# Need help understanding Conv2d and fold, unfold

I’m working on a cnn that directly processes each patch. After reading the documentation on fold and unfold, my understanding is that I can first apply convolution on an arbitrary `[b, c, h, w]` input named `A`, with some parameters for stride, dilation and padding. Let’s notate the output as shape `[b, c, h1, w1]`, named `B`.

My understanding for how fold and unfold works is as follows: If I were to unfold the input `A`, I would get something of the shape `[b, H, L]`. Then I can apply some transformation to `H` dimension, and then use unfold with `B`’s shape for the `output_shape` parameter, and taking the same parameters like stride and dilation.

However, it doesn’t look like it works this way. If my understanding is correct, the following example should execute without a problem. But it doesn’t run. Can someone point out what I missed?

``````A = torch.randn(4, 32, 224, 224)
out_shape = nn.Conv2d(32, 32, kernel_size=3, dilation=2, stride=2, padding=0)(A).shape[-2:]
windows = torch.nn.functional.unfold(A, kernel_size=3, dilation=2, stride=2, padding=0)
A_ = torch.nn.functional.fold(windows, output_size=out_shape, kernel_size=3, dilation=2, stride=2, padding=0)
``````

This would complain that fold given output size=110 would require a size of L=2809, while the windows variable has an L=12100 which is 110**2. Then I tried to fold again with output_size=224, which doesn’t complain anymore but gives me back a shape of `[4, 32, 224, 224]`.

Take a look at this documentation for the non-functional version:

https://pytorch.org/docs/stable/generated/torch.nn.Fold.html#torch.nn.Fold

In particular to:

``````fold(unfold(input)) == divisor * input
``````

I believe `Fold` would restore the original input shape rather than yield the output shape of the corresponding convolution.

I see, now that you mention it the doc does mention that it restores the original size. Do you know of a way to preserve the behavior of parameters such as dilation and stride, so that the effect of unfold and fold is almost identical to that of a Conv2d module?

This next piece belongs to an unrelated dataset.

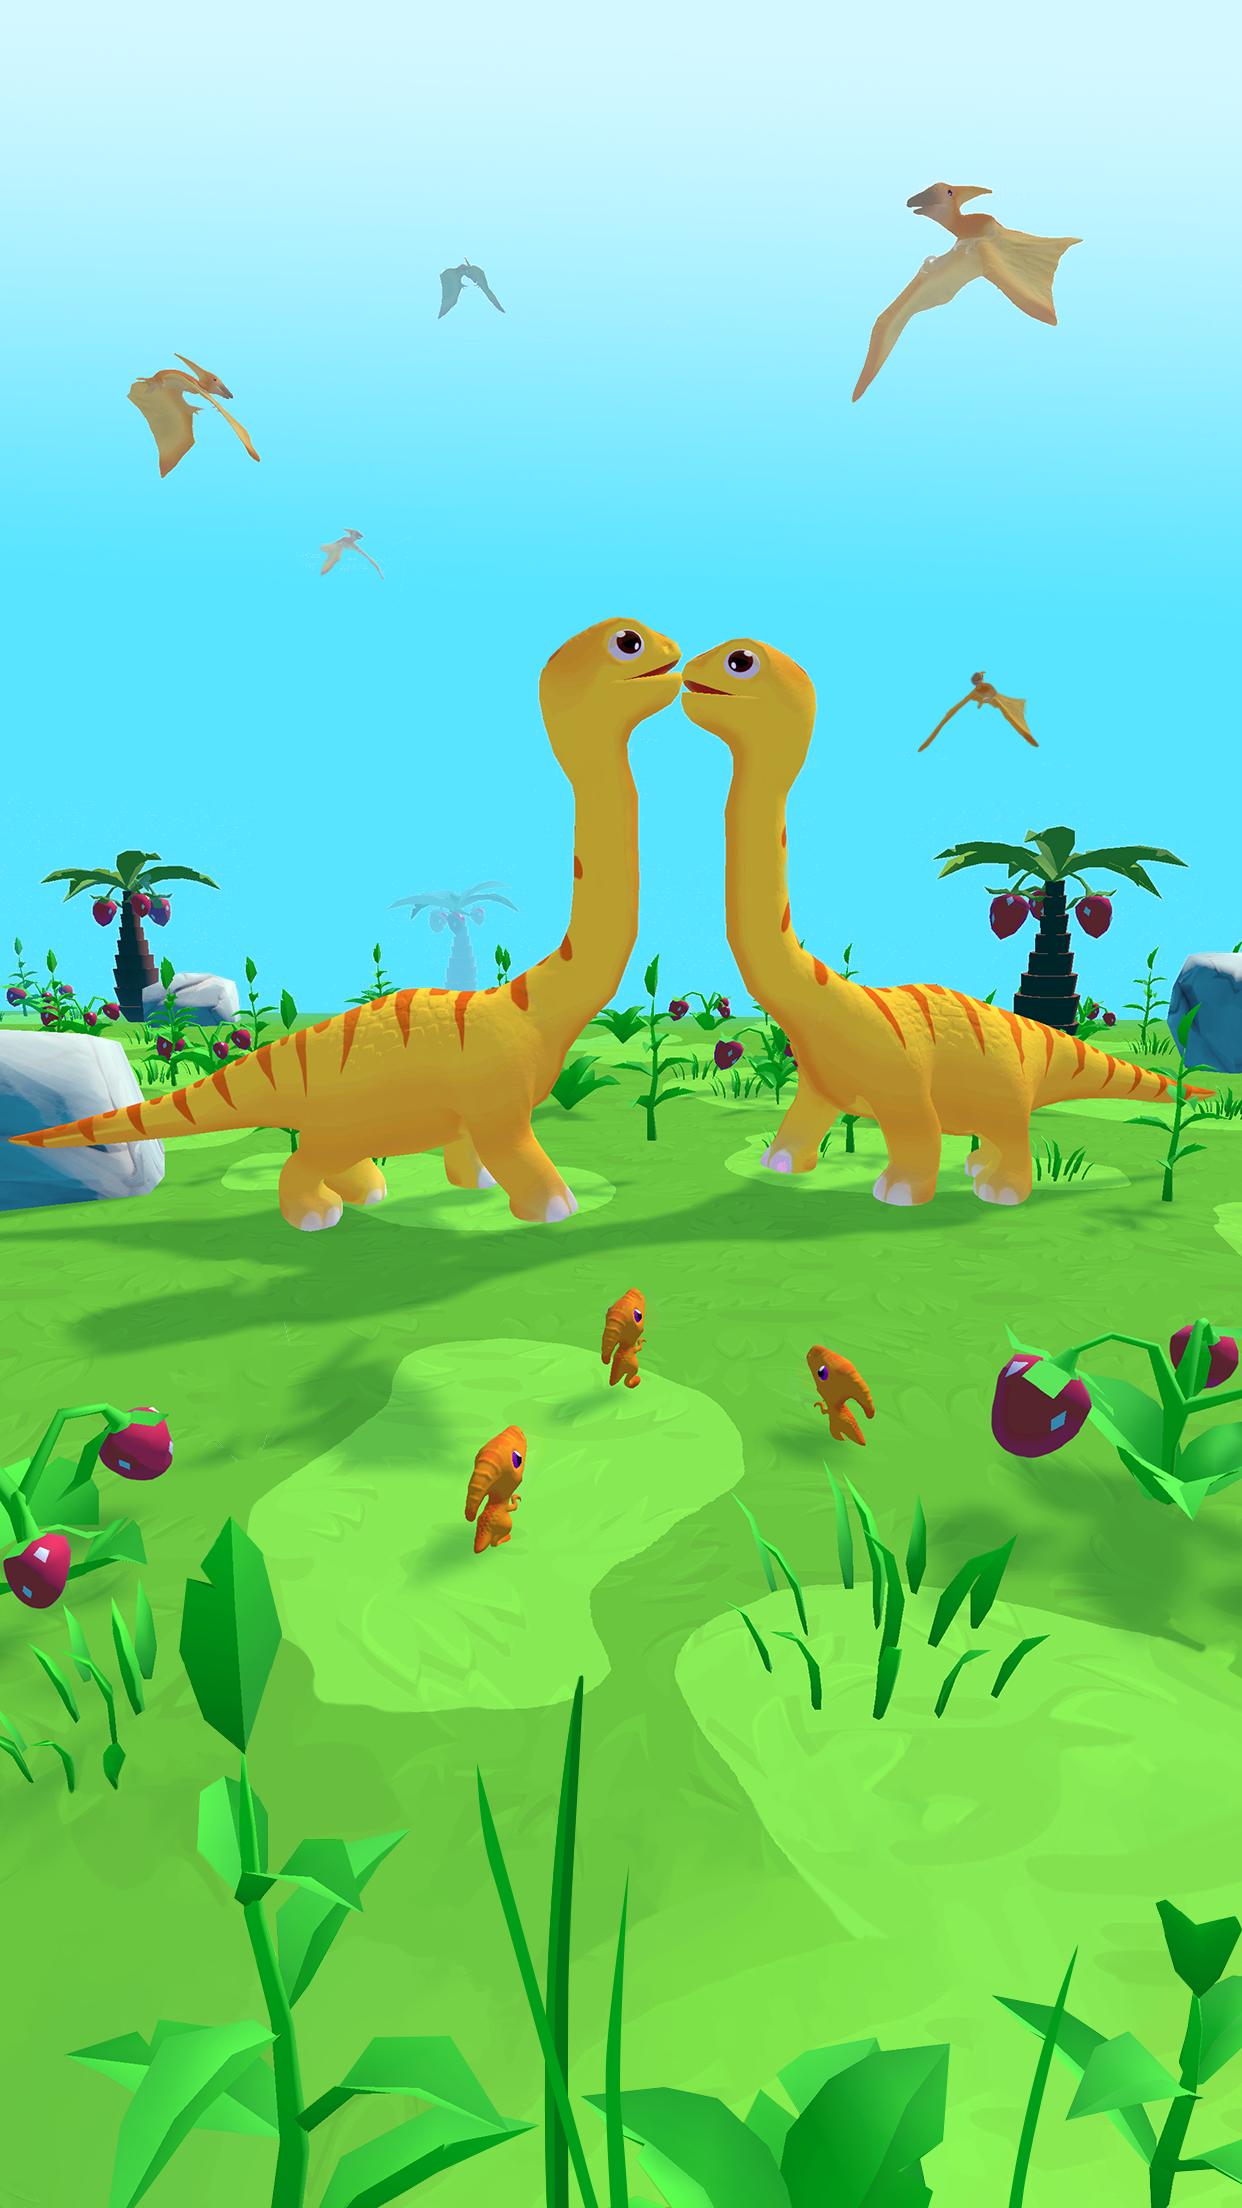 بازی Dino Evolution Run 3D - دانلود
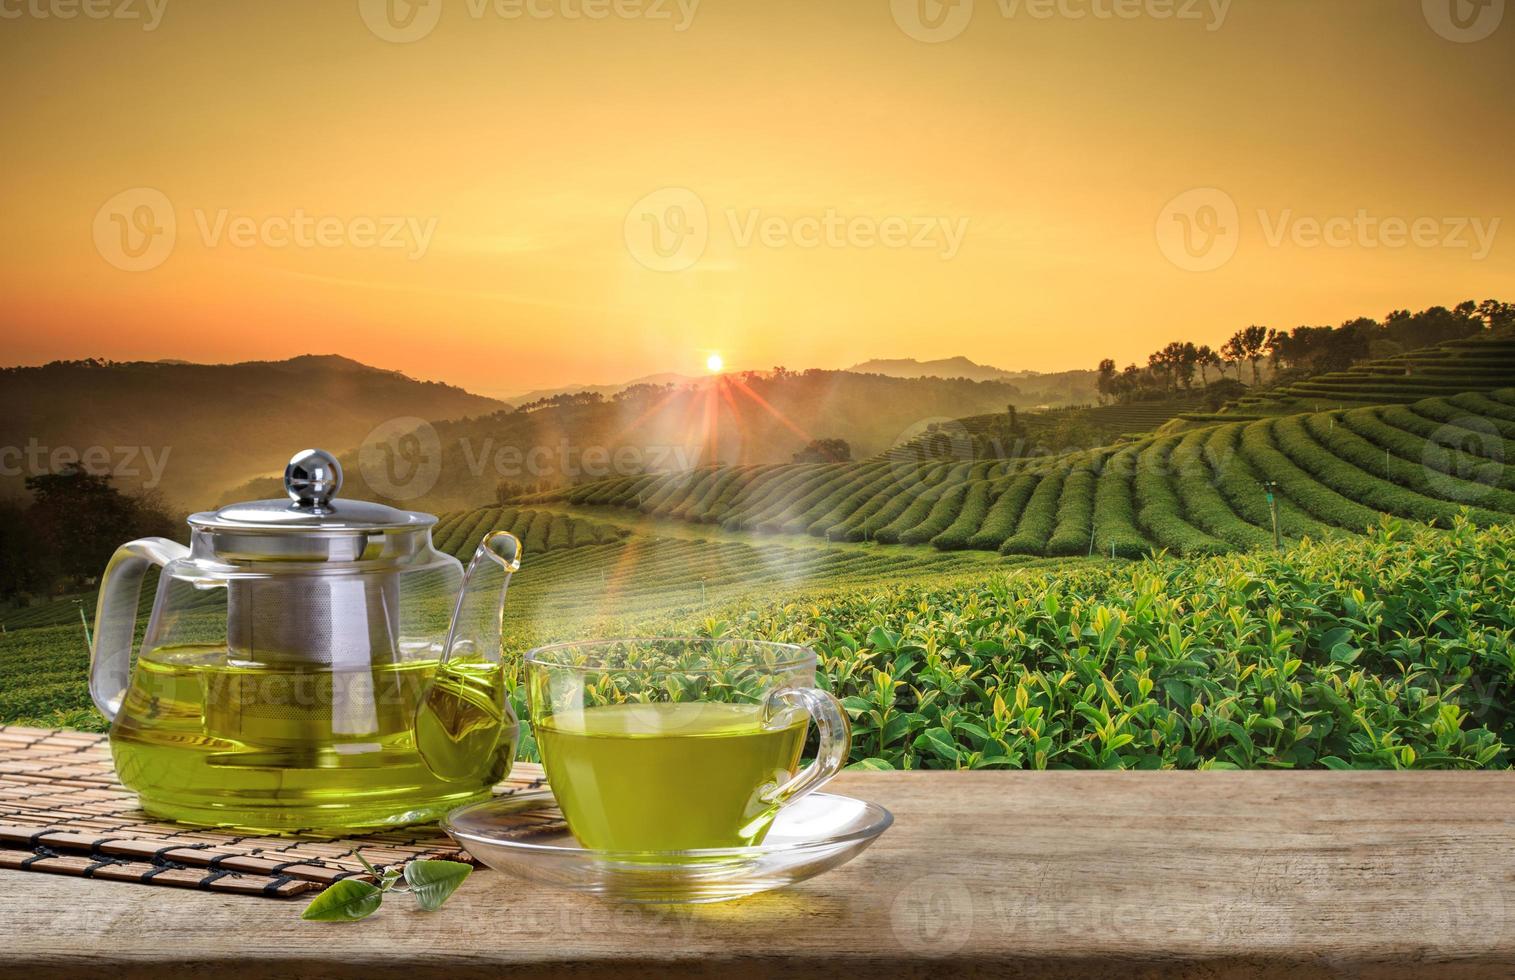 taza de té verde caliente y jarras o frascos de vidrio y hojas de té reen sobre la mesa de madera y el fondo de las plantaciones de té foto

I would think about your problem from the perspective that some sort of reduction needs to happen in order to transform the Unfold output to the equivalent of a conv. This example may not be the exact operation you are trying to implement but it illustrates some basics:

``````import torch
from torch import nn

A = torch.ones(4, 32, 224, 224)
conv = nn.Conv2d(32, 1, kernel_size=3, dilation=2, stride=2,padding=0, bias=False)
conv.weight = torch.nn.Parameter(torch.ones_like(conv.weight))
out = conv(A)
print(out.shape)
windows = torch.nn.functional.unfold(A, kernel_size=3, dilation=2, stride=2, padding=0)
print(windows.shape)
windows = windows.reshape(4, 1, 32*9, out.shape[-2], out.shape[-1])
windows_reduced = torch.sum(windows, axis=2)
print(windows_reduced.shape)
print(torch.allclose(out, windows_reduced))
``````
``````torch.Size([4, 1, 110, 110])
torch.Size([4, 288, 12100])
torch.Size([4, 1, 110, 110])
True
``````

Note that unfold will produce an “output” equivalent to that of a convolution with just a single channel.

Thank you for the detailed reply. I do see this solution working and I’ll go with something along this line.